PROJECT TITLE :

Dynamic Buffer Sizing and Pacing as Enablers of 5G Low-Latency Services

ABSTRACT:

An impressive amount of work is being done by the 3GPP standards organization in an attempt to bring 5G latency down to the millisecond range. However, these efforts might be for naught if the delays that are caused by external factors are not taken into account at the transport layer. Radio Access Networks (RANs), as they are known today, are typically set up with sizable buffers in order to reach maximum utilization and prevent the waste of wireless resources. Unfortunately, and due to the fact that the bottleneck of the data path resides on the radio link, the TCP's congestion control algorithm causes the RAN's buffers to become bloated. Therefore, a flow with low-latency requirements that encounters a bloated buffer suffers from inevitable large sojourn times associated with the time it takes for the buffer to deplete, which drastically reduces the flow's Quality of Service (QoS). This paper presents several different solutions for multiplexing distinct traffic patterns in an efficient manner while still allowing them to share buffers on the 5G stack.
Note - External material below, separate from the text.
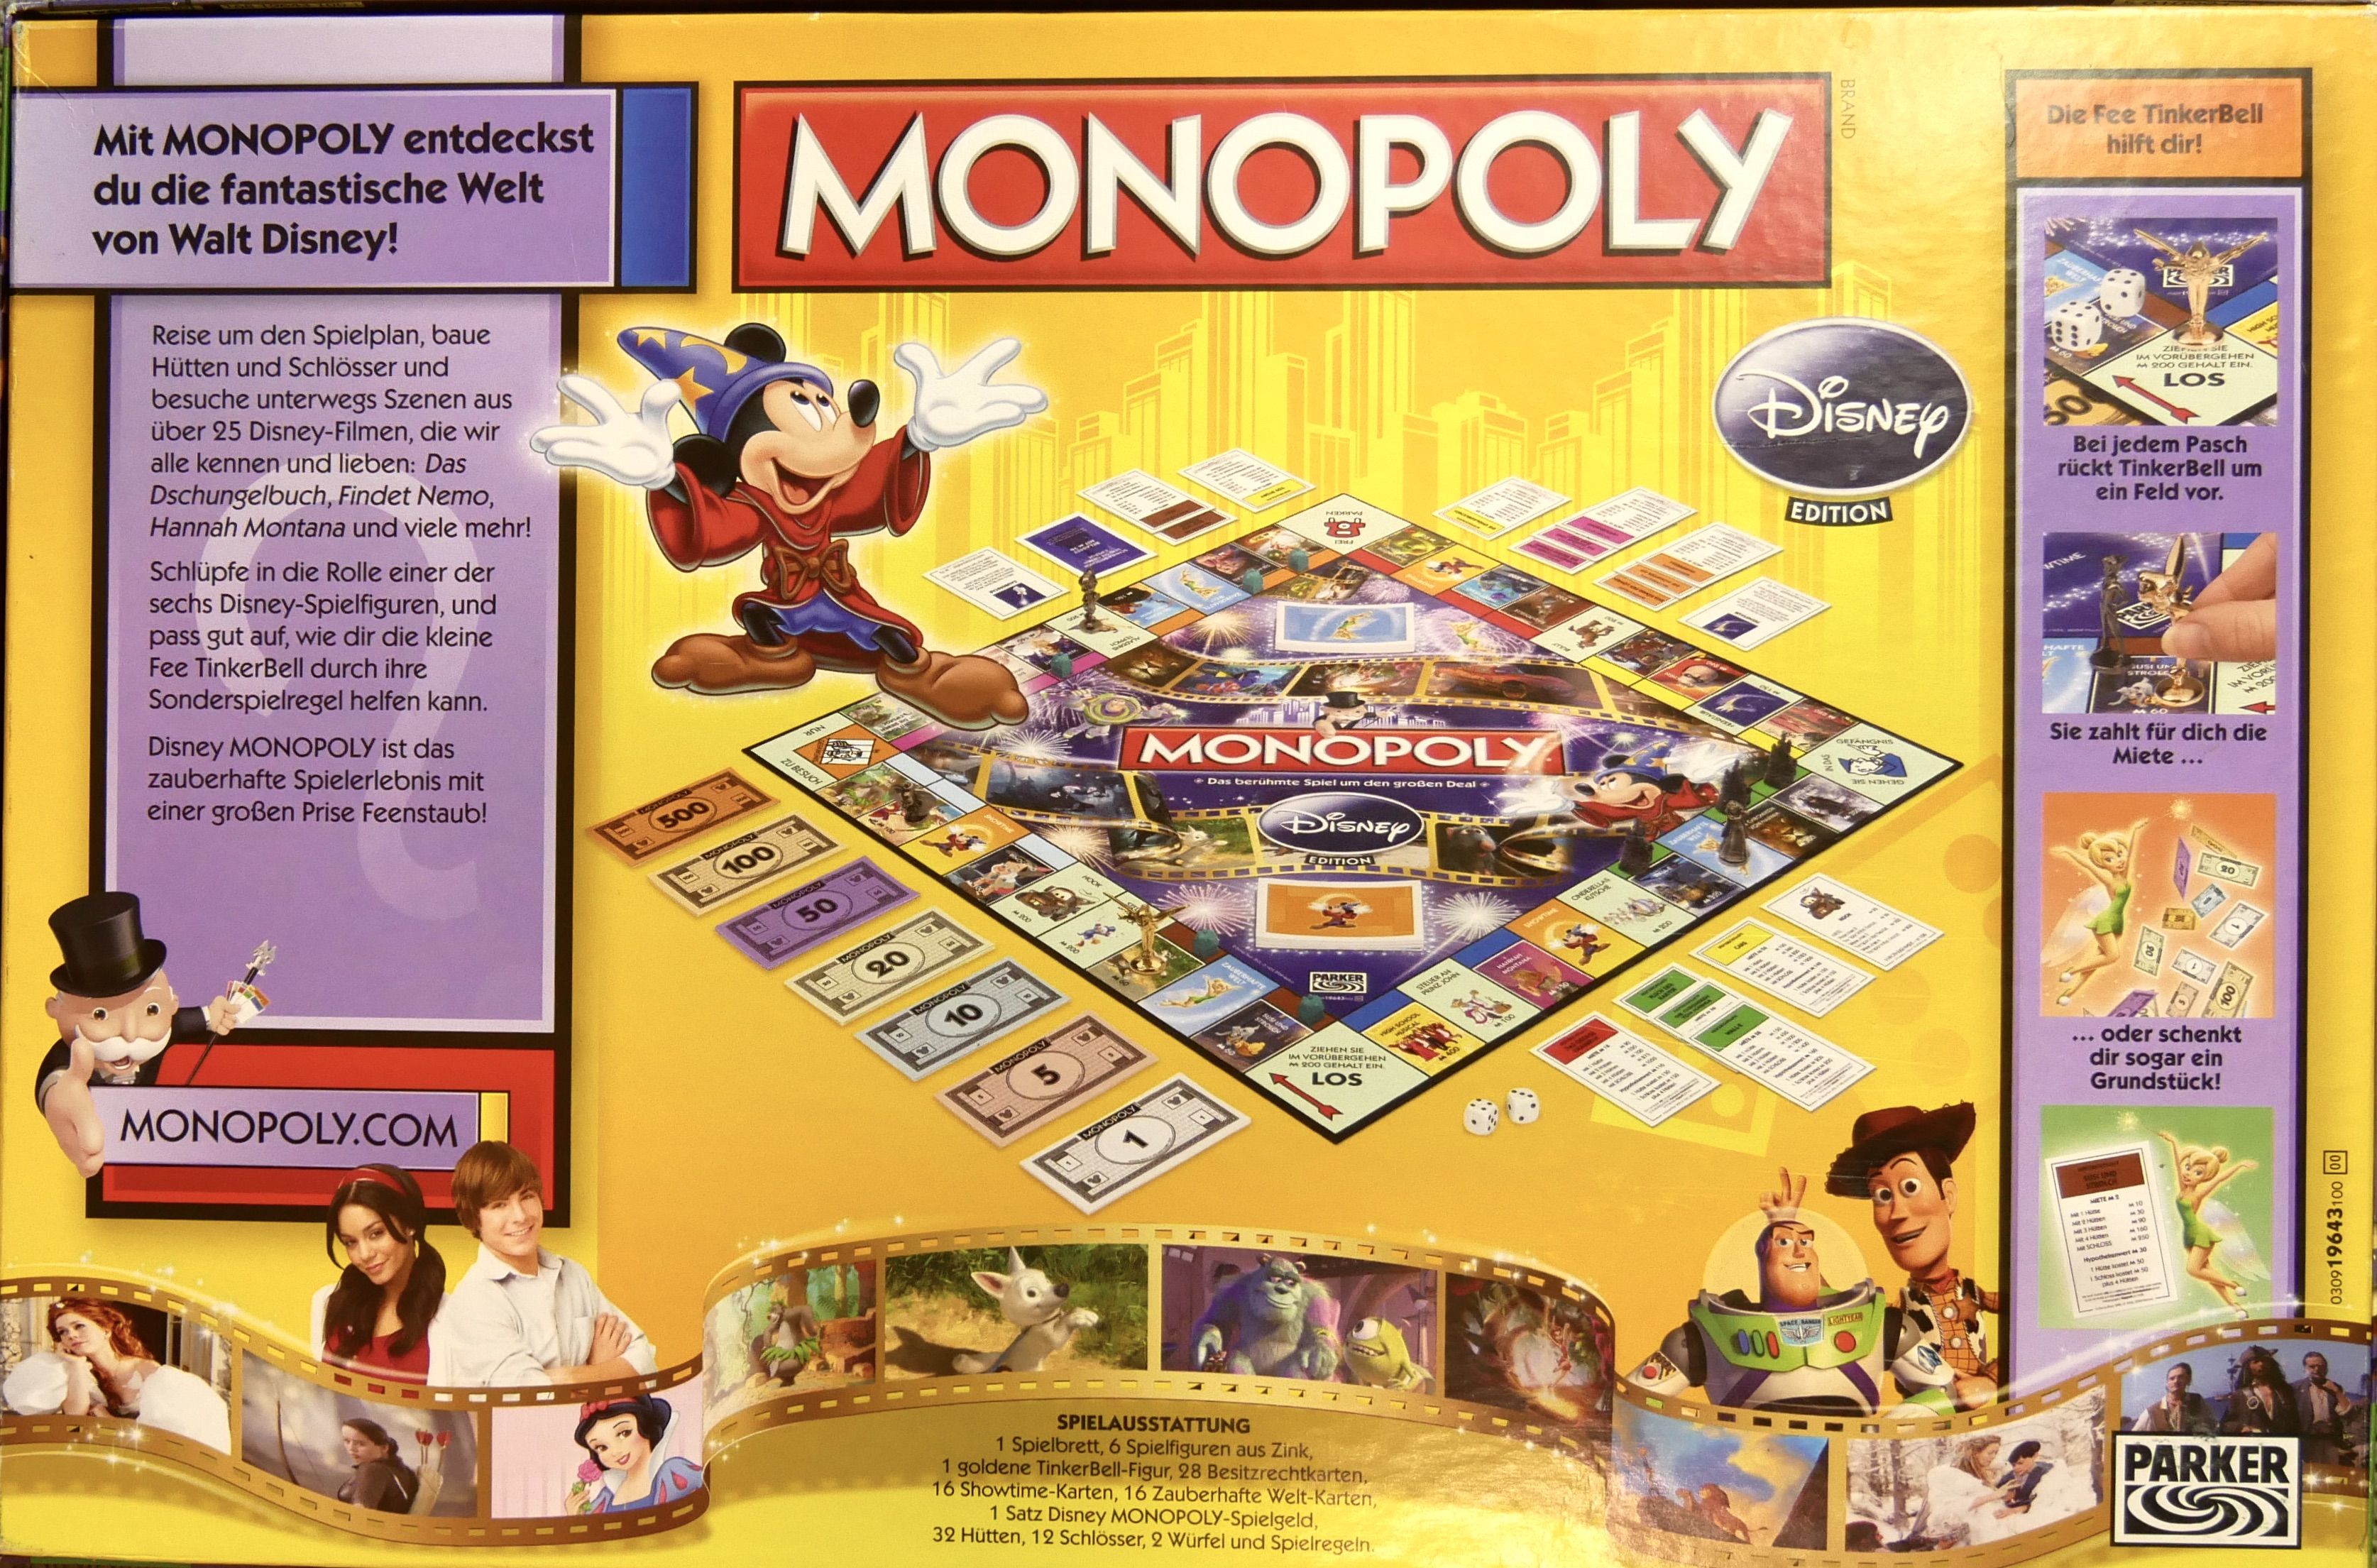 Monopoly: Disney Image | BoardGameGeek

Within the context of the actual 5G QoS scenario, extensive research has been conducted on bufferbloat. This scenario presents multiple challenges as a result of the dynamic nature of the radio link as well as the presence of multiple queues at various entities. In order to circumvent the exogenous delay brought on by the bufferbloat phenomena, we come up with a variety of algorithmic solutions and extensively emulate them. We use real cellular network traces in a variety of different scenarios, each of which has realistic delay-sensitive and background traffic patterns. The findings provide valuable insights into the algorithms that will make it possible for low-latency services to be delivered through the 5G network stack while simultaneously satisfying the restrictive envisioned constraints.